Packaging and deploying Polylith projects is done by using the Poetry Multiproject plugin command (see installation).

The poetry build-project command will make it possible to use relative package includes as how components and bases are added to Python Polylith projects. Relative includes are currently not possible by default in Poetry, that is where the Multiproject plugin comes in.

Hatch, PDM, Rye and uv

Hatch, PDM, Rye and uv support relative includes via the [tool.poetry.bricks] configuration. Nothing extra needed other than the build hooks.

Building source distributions (sdist)?

If you will distribute an sdist as the primary way to install your package, you will need to add the path in the project-specific pyroject.toml.

If you only provide wheel distributions, this is optional.

Hatch, Rye and uv

[tool.hatch.build.targets.wheel]
packages = ["<your top namespace here>"]

PDM

[tool.pdm.build]
includes = ["<your top namespace here>/"]

Maturin

[tool.maturin]
include = ["<your top namespace here>/**/*"]

Packaging

To collect the components and bases that are needed for a specific project, the tool introduces a build step.

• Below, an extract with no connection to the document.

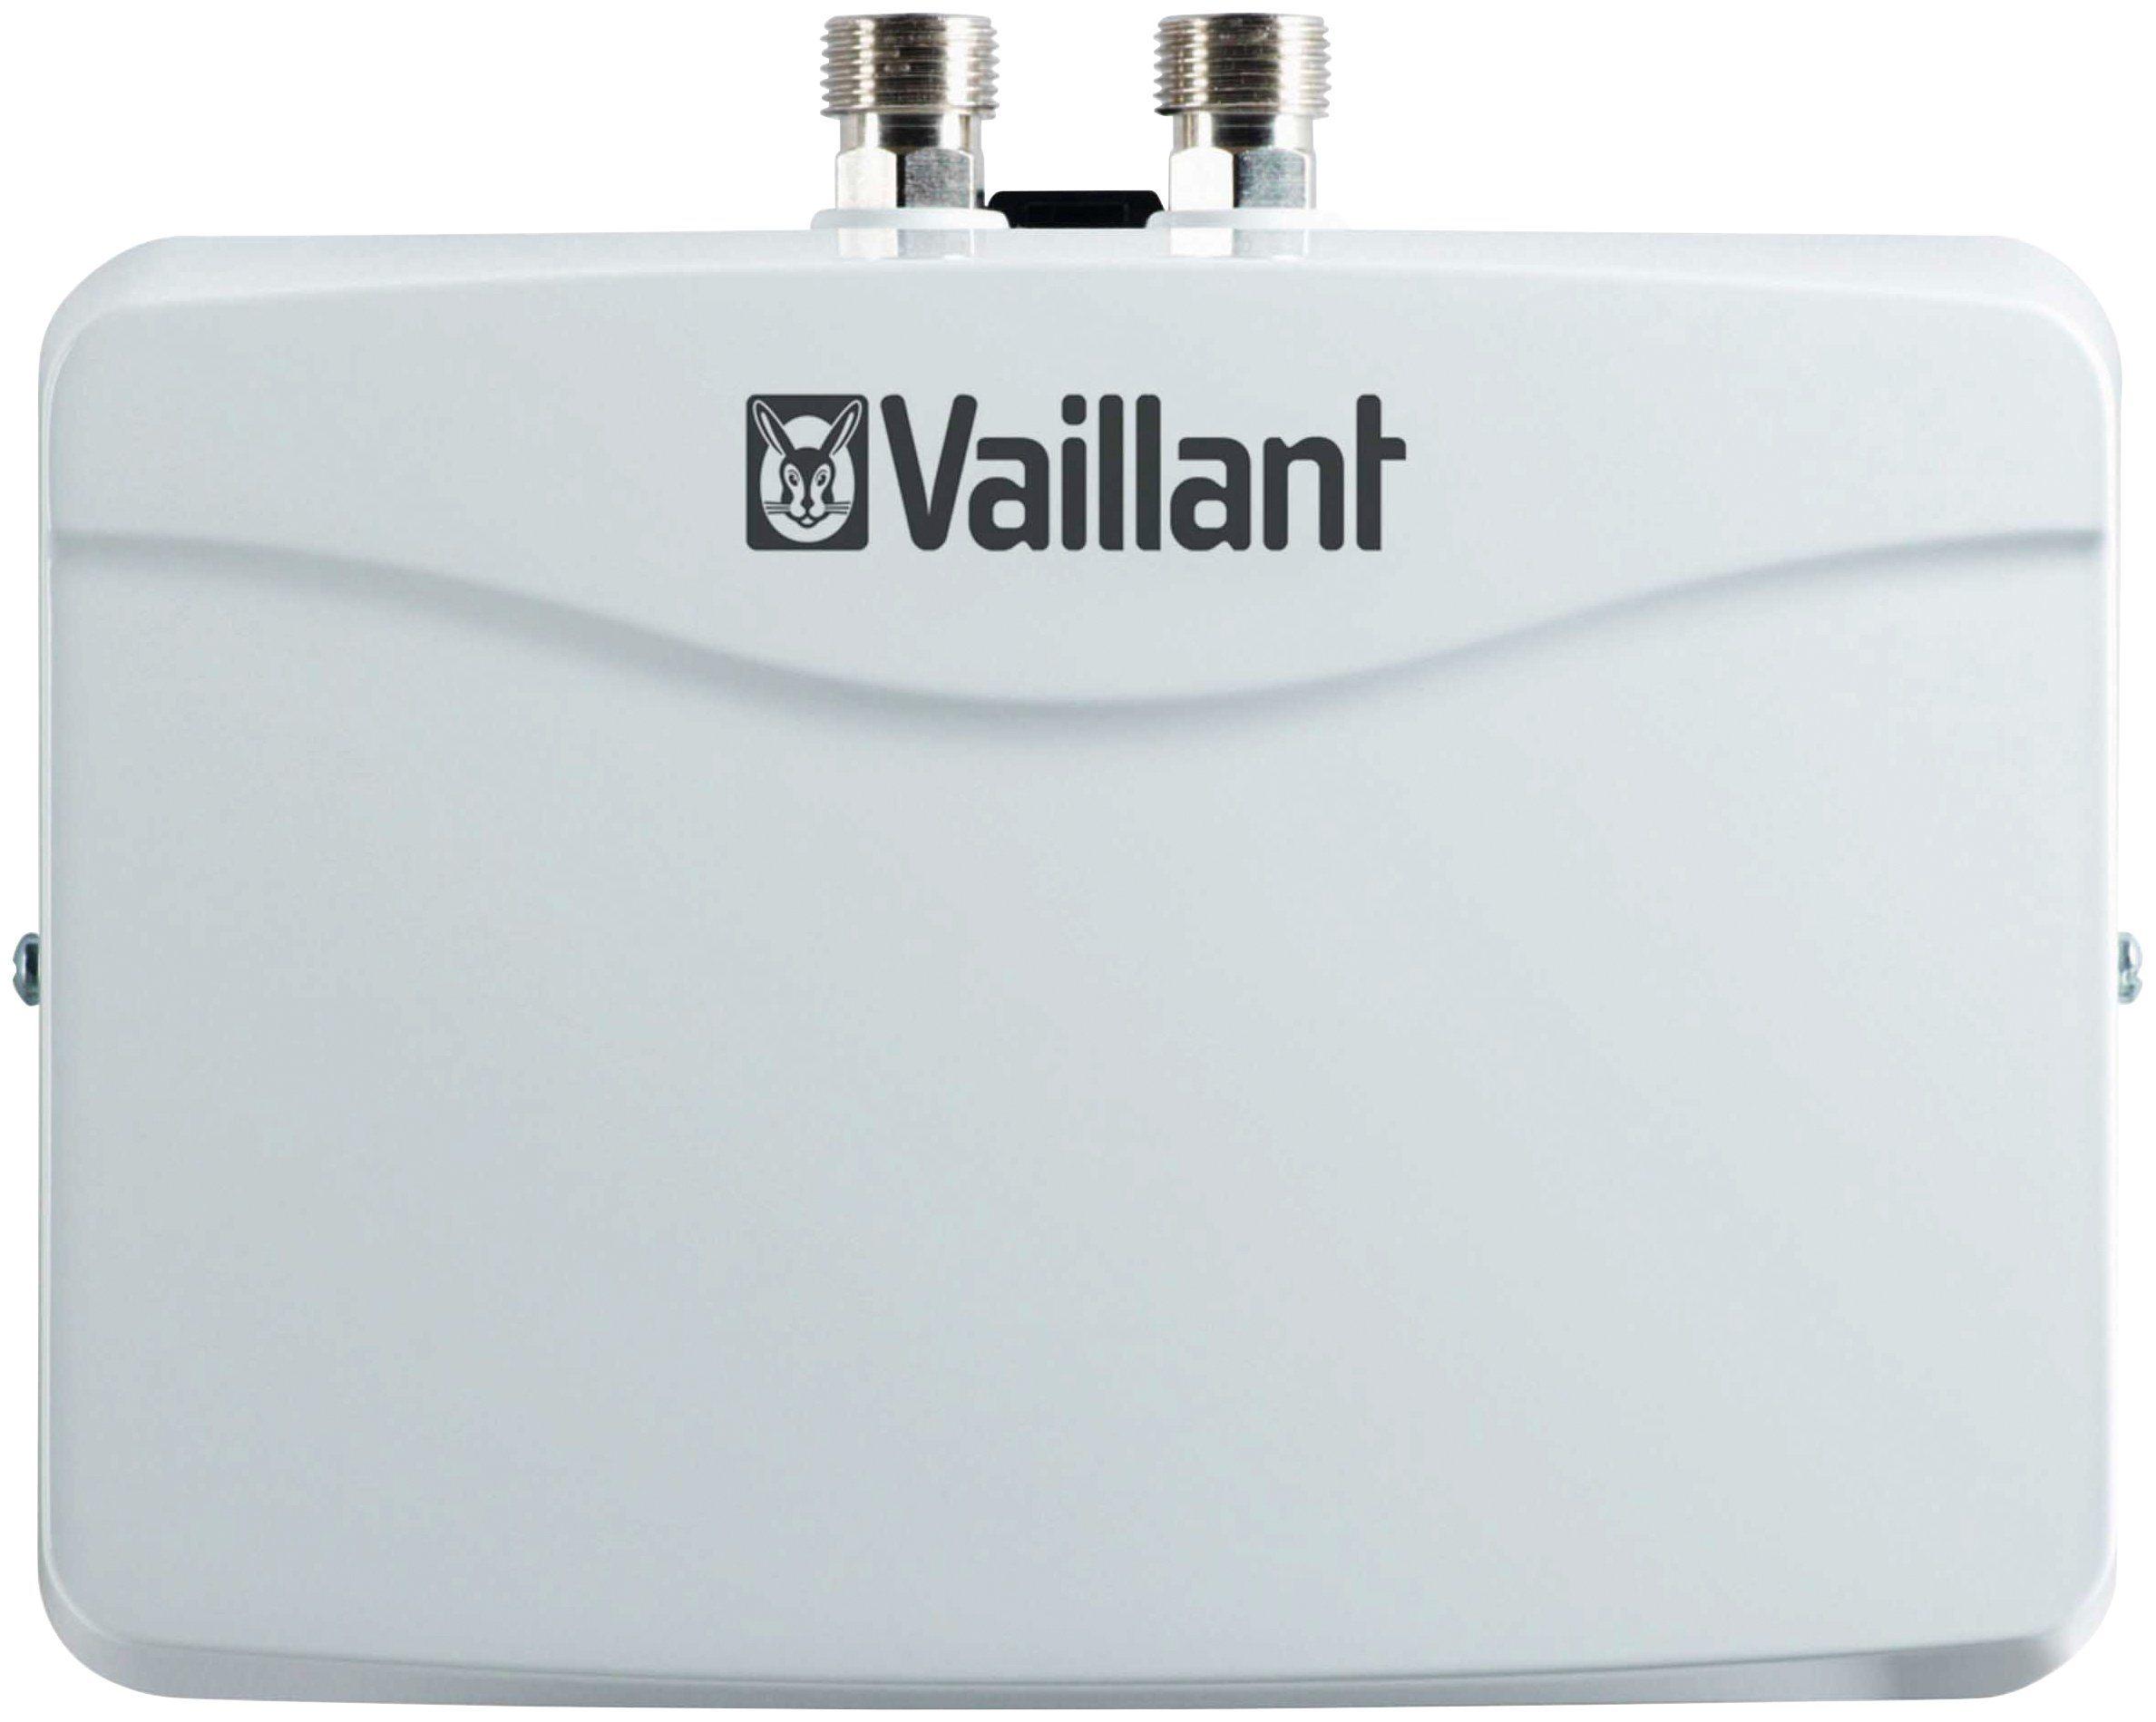 VAILLANT Durchlauferhitzer »MINIVEDH3/2N«, Mini-Durchlauferhitzer | Baumarkt > Heizung und Klima > Durchlauferhitzer | Vaillant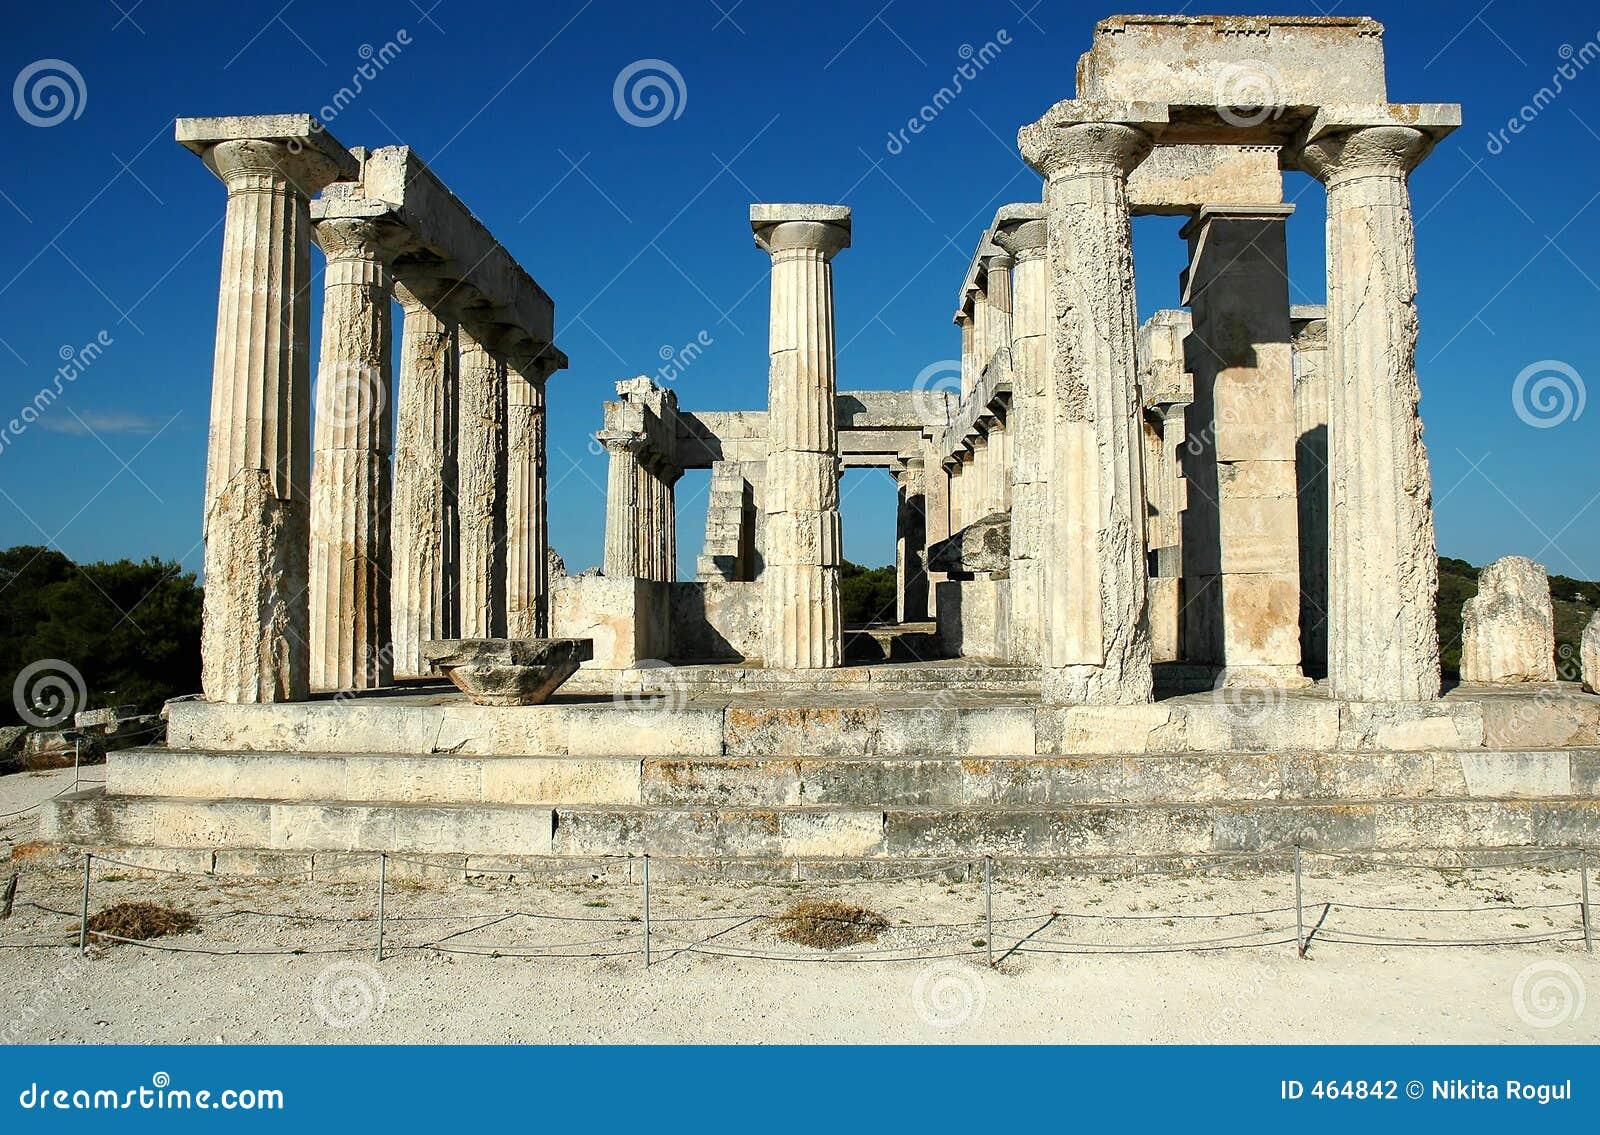 Download Temple Of Aphaea (Britomartis) Stock Photo - Image of aigina, column: 464842

The tool will build a wheel and an sdist from the source code of a project.

This is the preferred way for Polylith projects.

Packaging a service or app

Poetry

poetry build-project --directory projects/the_project

Hatch

cd projects/the_project

hatch build

PDM

cd projects/the_project

pdm build

Rye

cd projects/the_project

rye build --wheel

uv

uv build --wheel projects/the_project

Maturin

cd projects/the_project

# if not already activated a virtual environment
source .venv/bin/activate

poly build setup

maturin build

poly build teardown

This command will create a project specific dist folder containing a wheel with all the needed bricks.

Deploying

You can use the built artifacts to install your service in your preffered way, just by running

pip install the-built-artifact.whl

Packaging a Library

The Python tools for the Polylith Architecture has support for building libraries to be published at PyPI, even if it isn't the main use case.

Important note: by default, the code in one library will share the same top namespace with other libraries that are built from the same Polylith Monorepo. To solve this, there's a feature available that will organize code according to a custom top namespace and re-write the imports.

Poetry

You can choose a custom namespace to be used in the build process, by using the --with-top-namespace flag. This is available for Python 3.9 and above.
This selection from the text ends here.